START RECORDS SUPPLIED
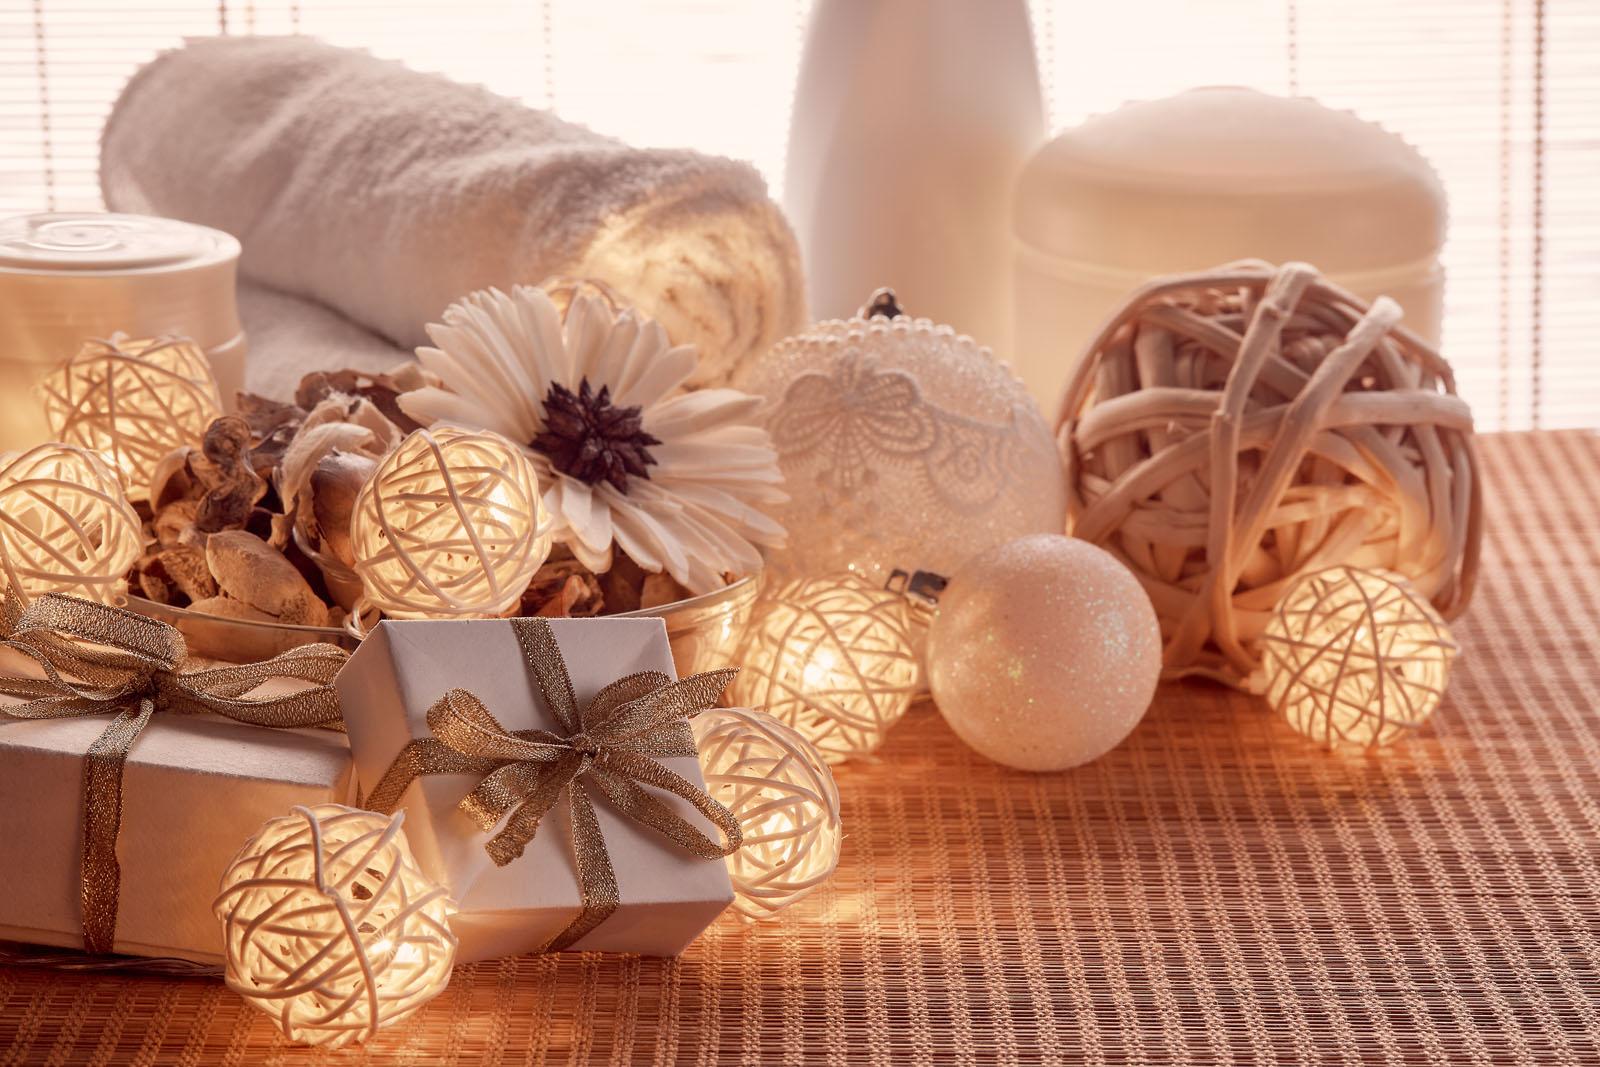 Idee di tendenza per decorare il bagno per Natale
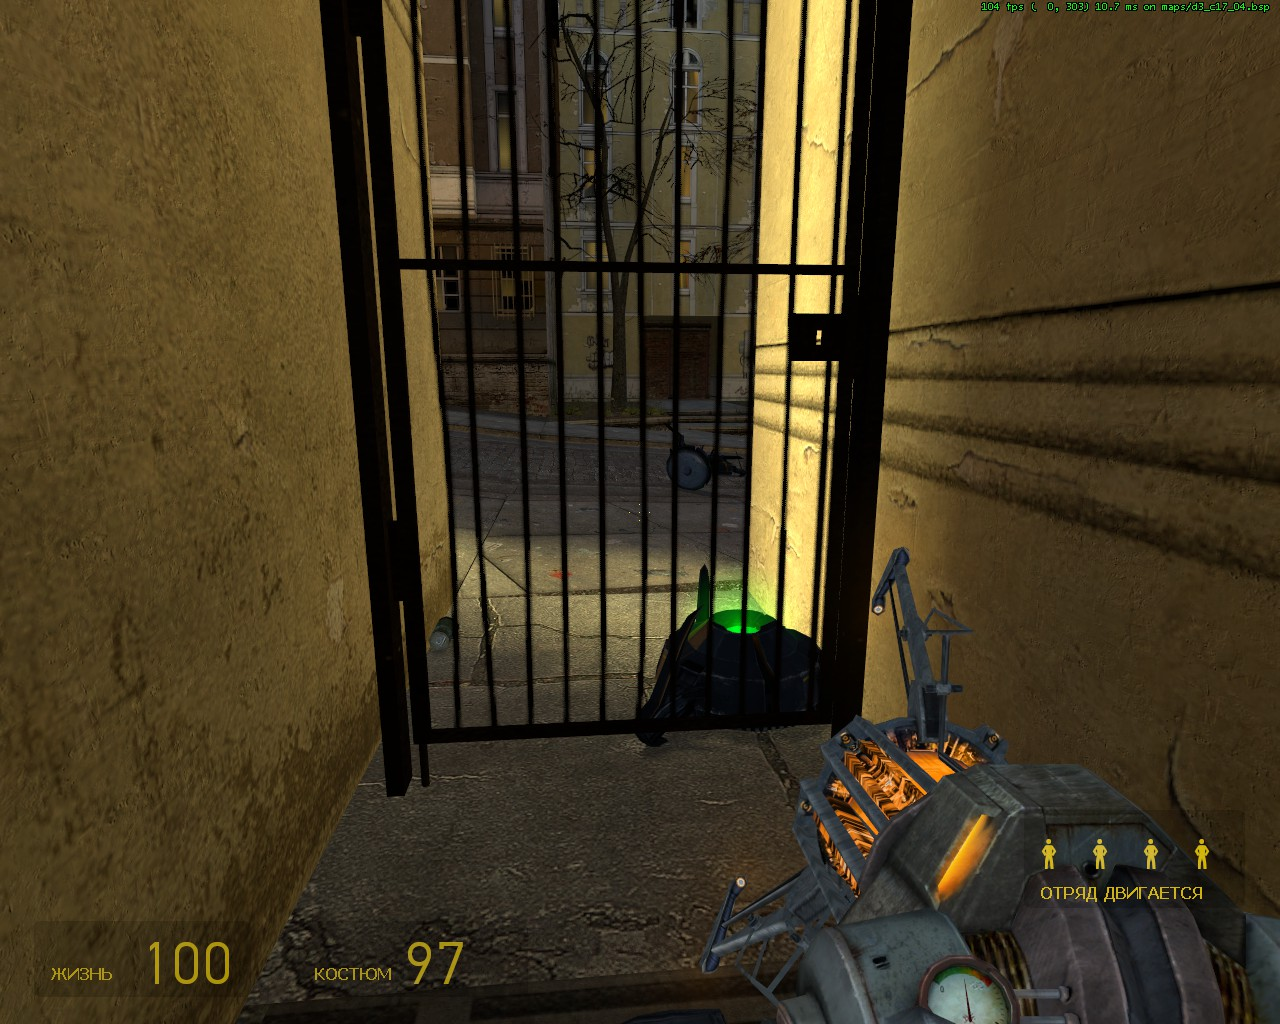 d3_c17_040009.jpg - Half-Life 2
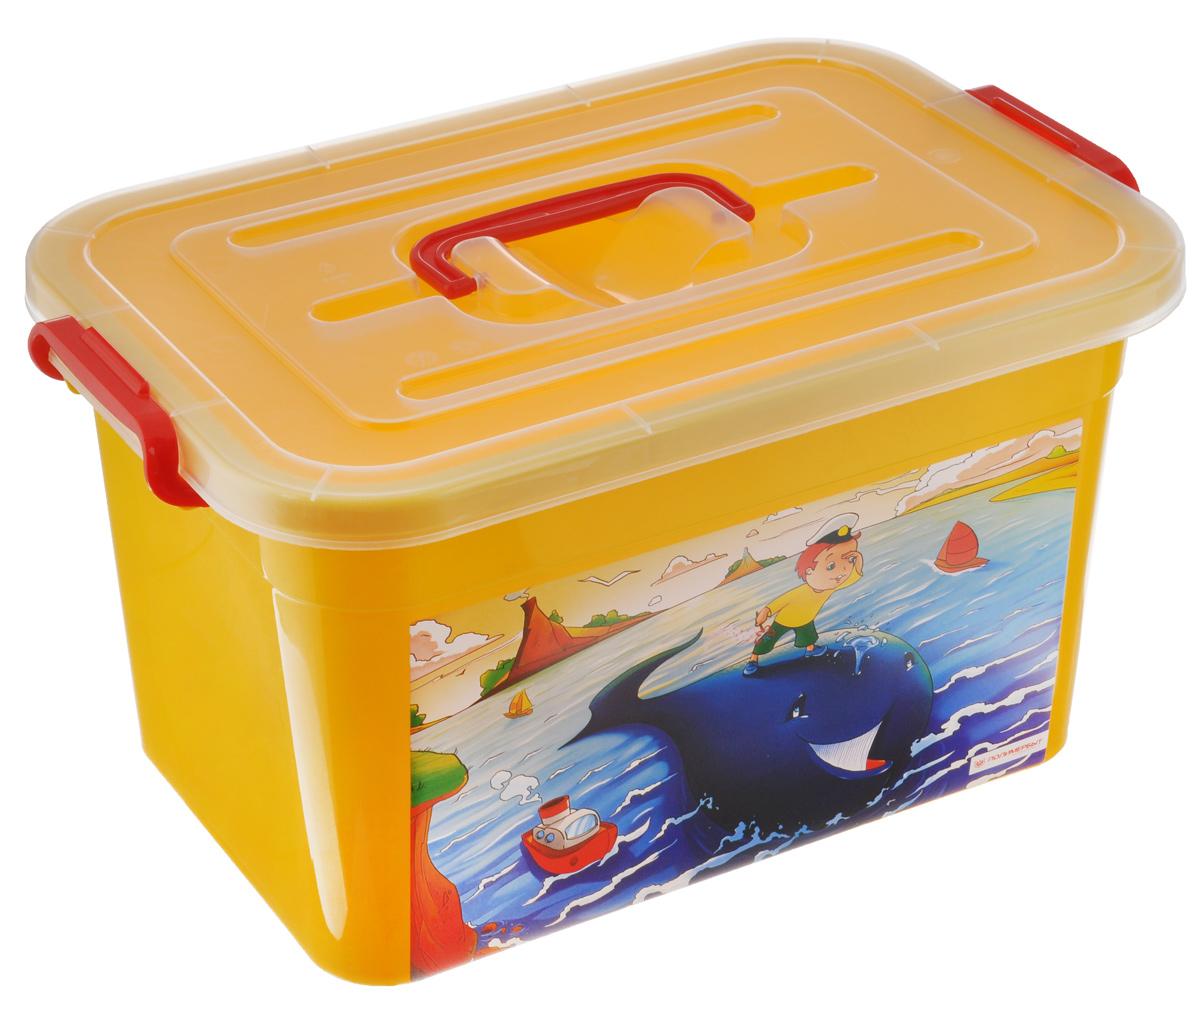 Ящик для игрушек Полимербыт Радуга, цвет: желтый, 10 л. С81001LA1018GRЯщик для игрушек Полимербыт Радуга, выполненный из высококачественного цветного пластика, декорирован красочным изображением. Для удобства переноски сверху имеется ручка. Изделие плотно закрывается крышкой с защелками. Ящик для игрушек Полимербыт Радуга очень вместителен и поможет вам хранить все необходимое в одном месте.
END RECORDS SUPPLIED
START RECORDS SUPPLIED
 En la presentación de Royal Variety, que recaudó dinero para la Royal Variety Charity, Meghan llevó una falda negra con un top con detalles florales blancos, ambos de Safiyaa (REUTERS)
END RECORDS SUPPLIED
START RECORDS SUPPLIED
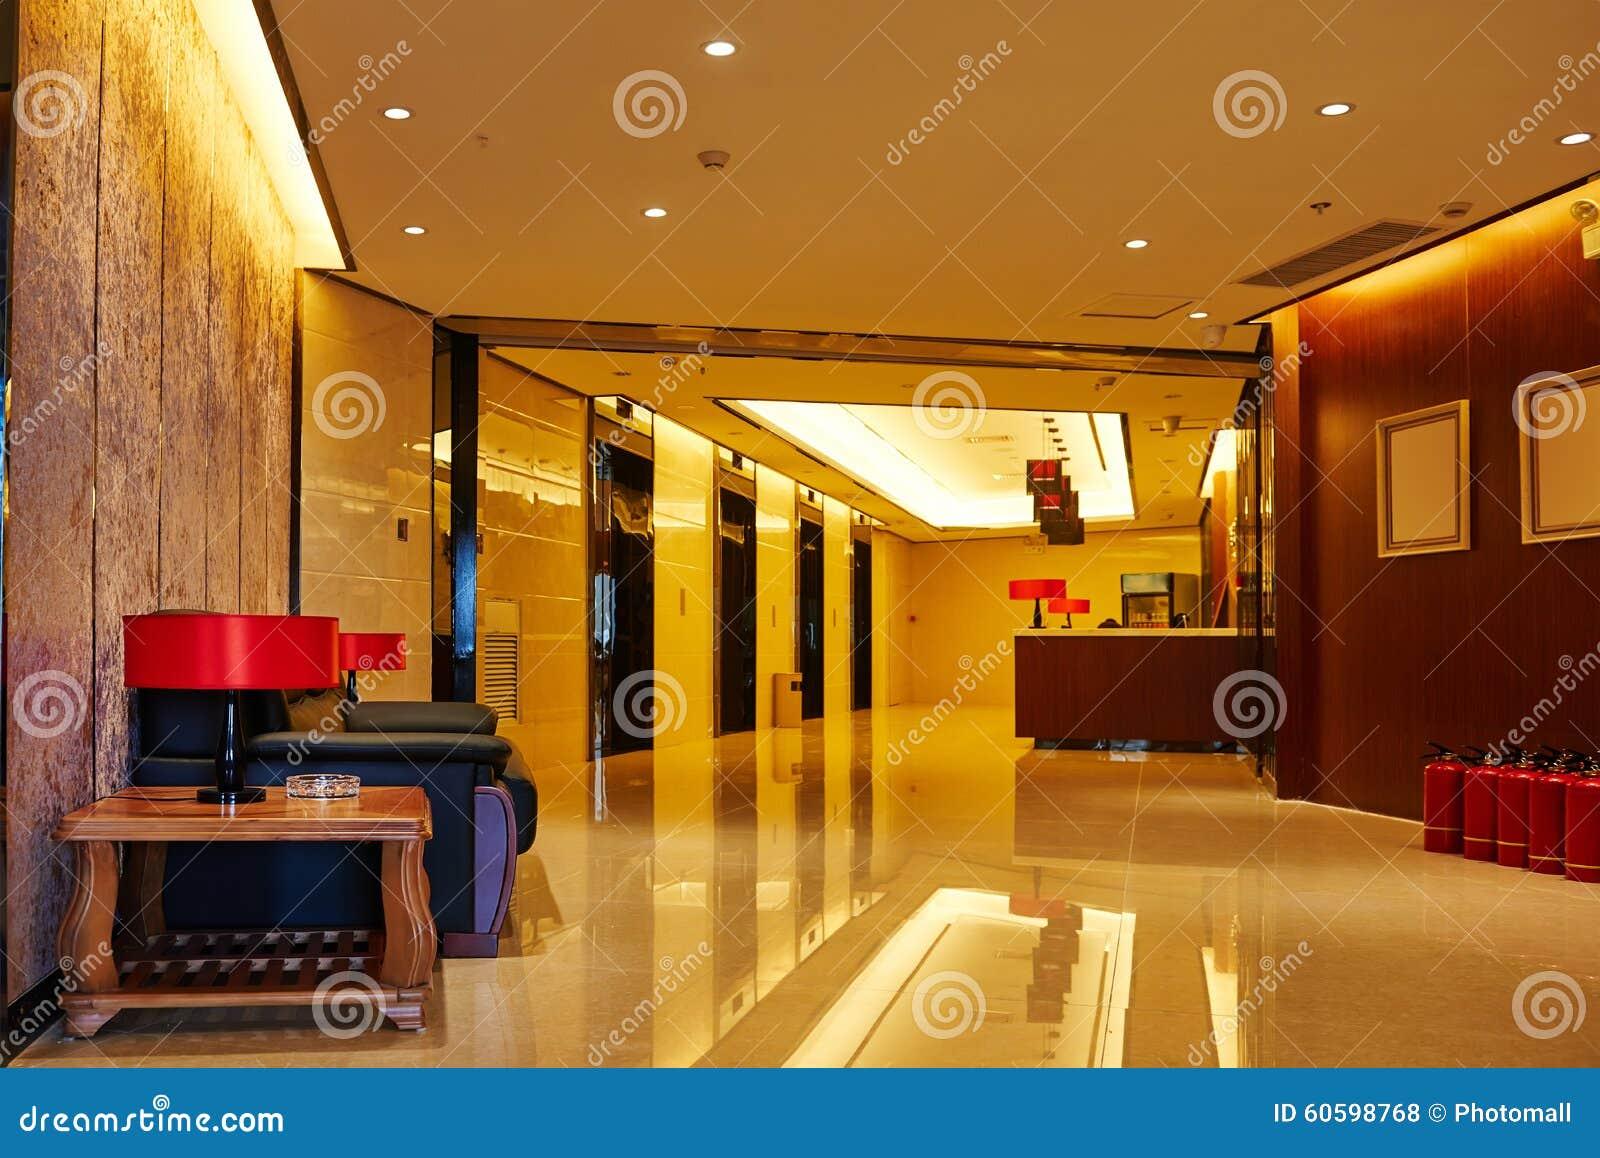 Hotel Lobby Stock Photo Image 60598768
END RECORDS SUPPLIED
» WORK INSTRUCTION:
Give back the exact lines above, running from the one that has "Idee di tendenza" through the one that has "d3_c17_040009.jpg - Half-Life 2", with nothing added and no pictures.

» WRITTEN SOLUTION:
 Idee di tendenza per decorare il bagno per Natale
 d3_c17_040009.jpg - Half-Life 2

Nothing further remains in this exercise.